# Bowtech 101st airborne VS. Elite agil



## baseball21 (Oct 31, 2008)

I dont know wherter to get the bowtech 101st for $500 or If I should get the elite agil with a ripcord rest for $700, Does anyone have any experience with either of these?


----------



## Archieup (Jun 28, 2006)

*101st:*

I own a 101st and it is my favorite bow to date.


----------



## nolejoel (Jan 4, 2007)

I have not shot the agil but I have shot several other elite bows. great bows but for $700 the aigil is not worth it!!!!!!!!!! for that you could buy a brand new bowtech or elite and outfit it!! 

the 101st is probably the best shooting bow I have had, I own an elite gto and gt500 and prefer to shoot the 101st. even though I own one I think that $500 is a little high for the 101st. 

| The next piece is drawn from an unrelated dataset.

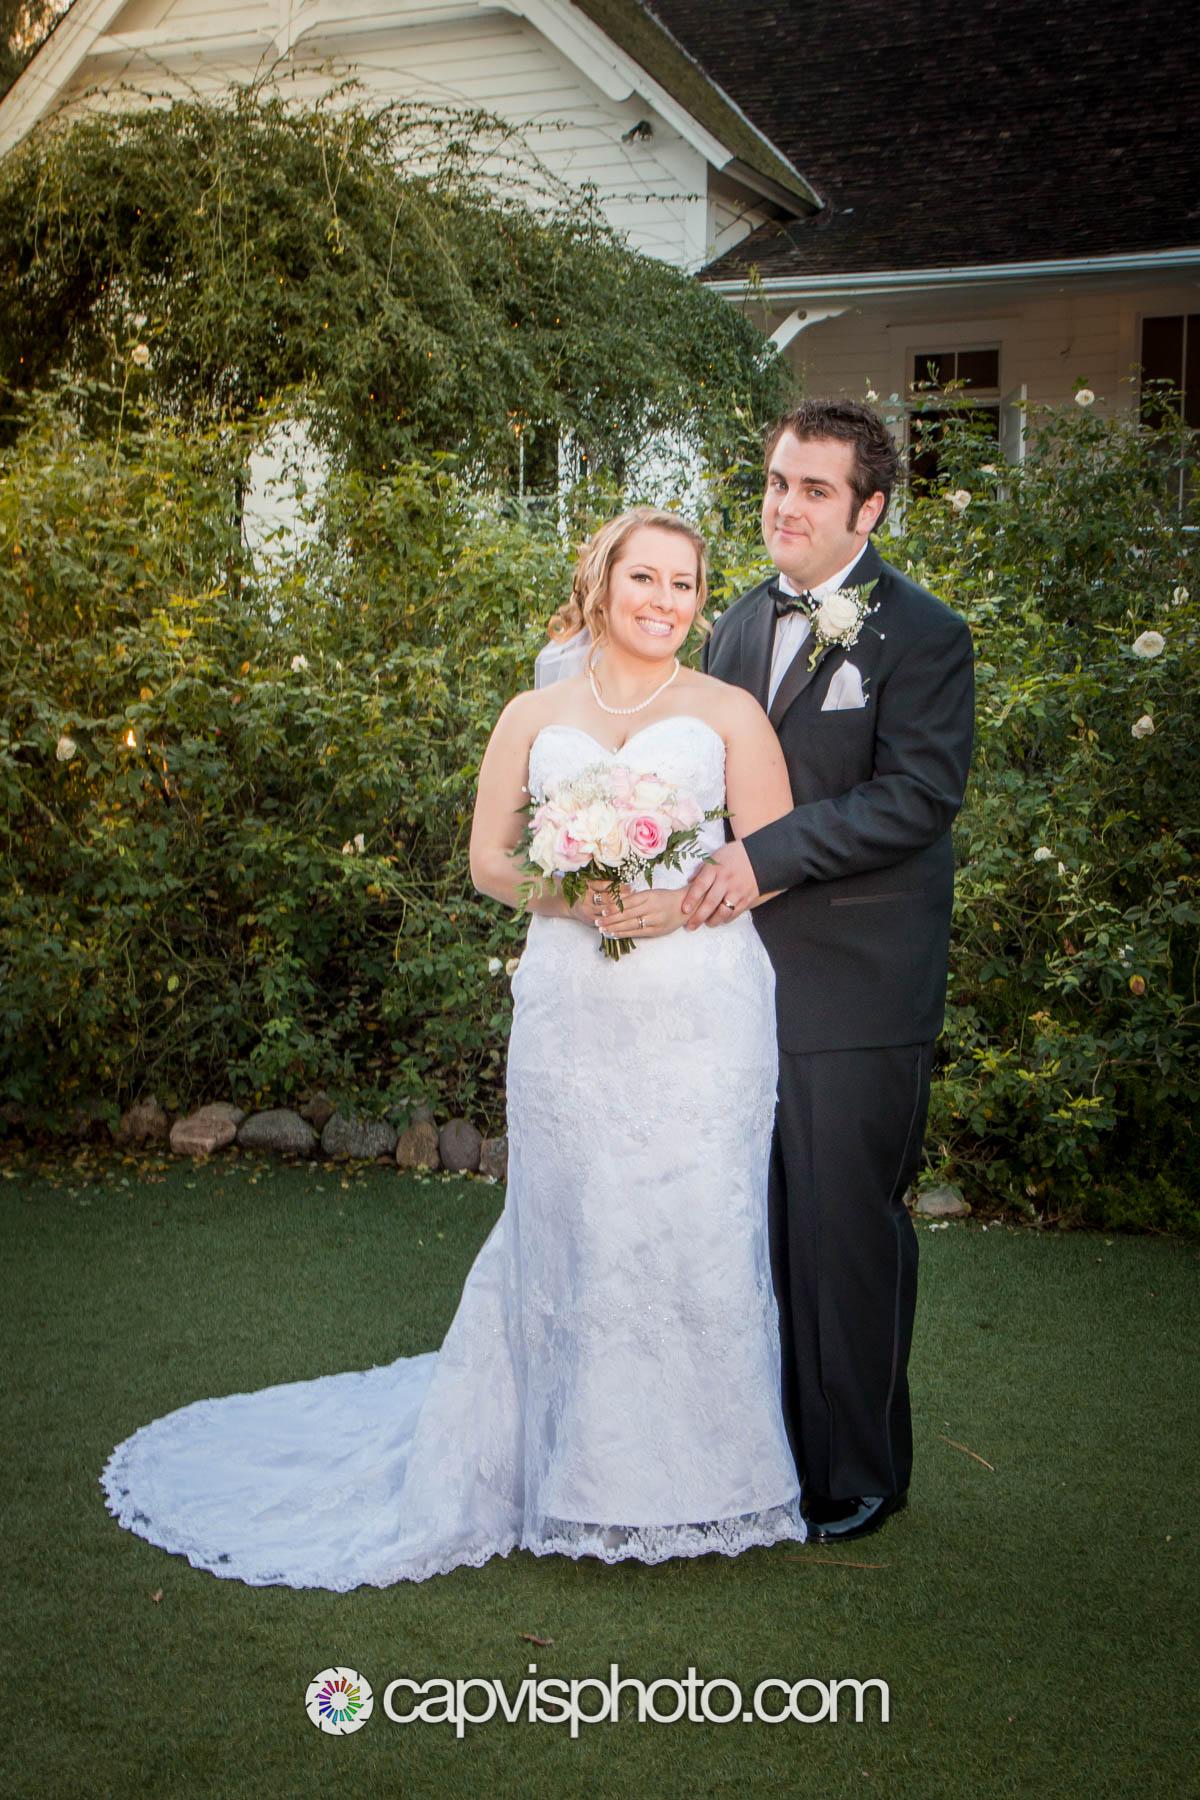 Grangruth Wedding (25 of 52).jpg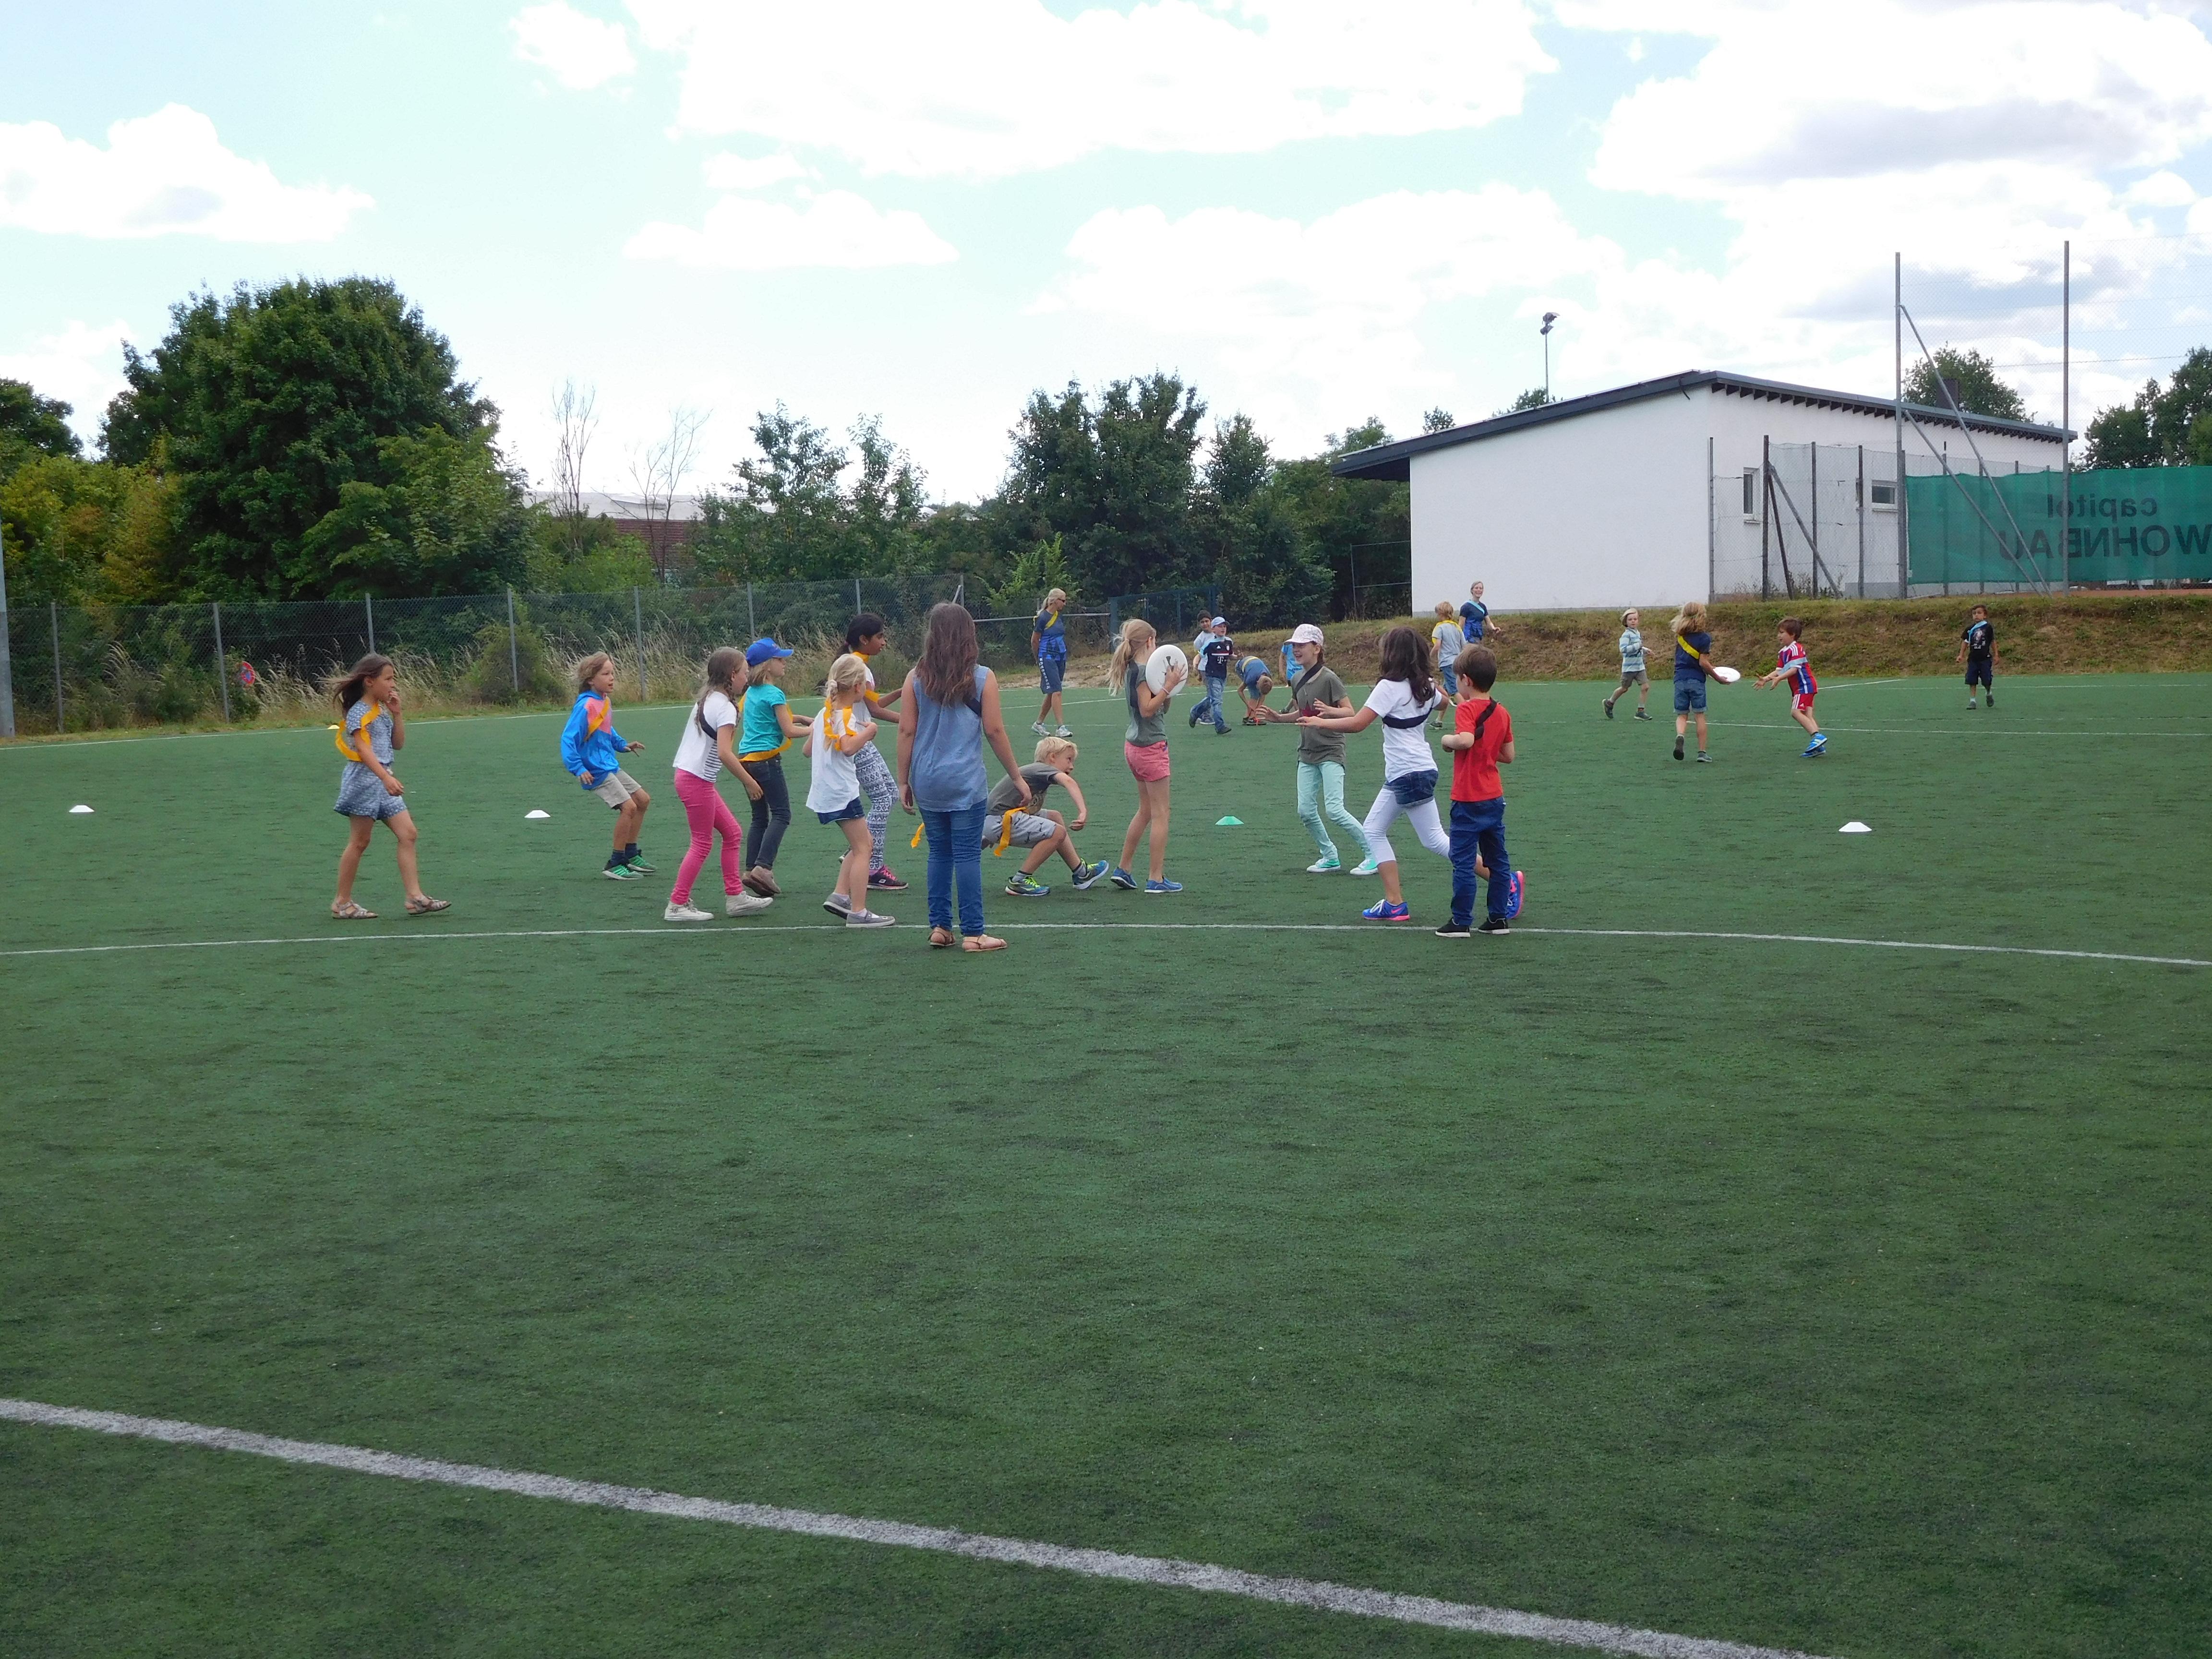 Jugend_Training

go with the 101st if those are you only choices but think there is more out there to choose from for less $$$$


----------



## supertechy (Oct 28, 2007)

*bowtech*

Do yourself a favor and get the 101st.


----------



## K80KID (Nov 3, 2008)

*101st*

+1 for the 101.....I was not impressed with the gt500 my buddy had for 2 weeks. He sold his 101 for it and ended up selling the gt and getting another 101........I absolutely love mine.....


----------



## bowmeyer1 (Sep 8, 2008)

the archery shop i go to here in Ohio just called Bowtech and they had 8 101st left at the factory.......so mine should be here in a week.:teeth:


----------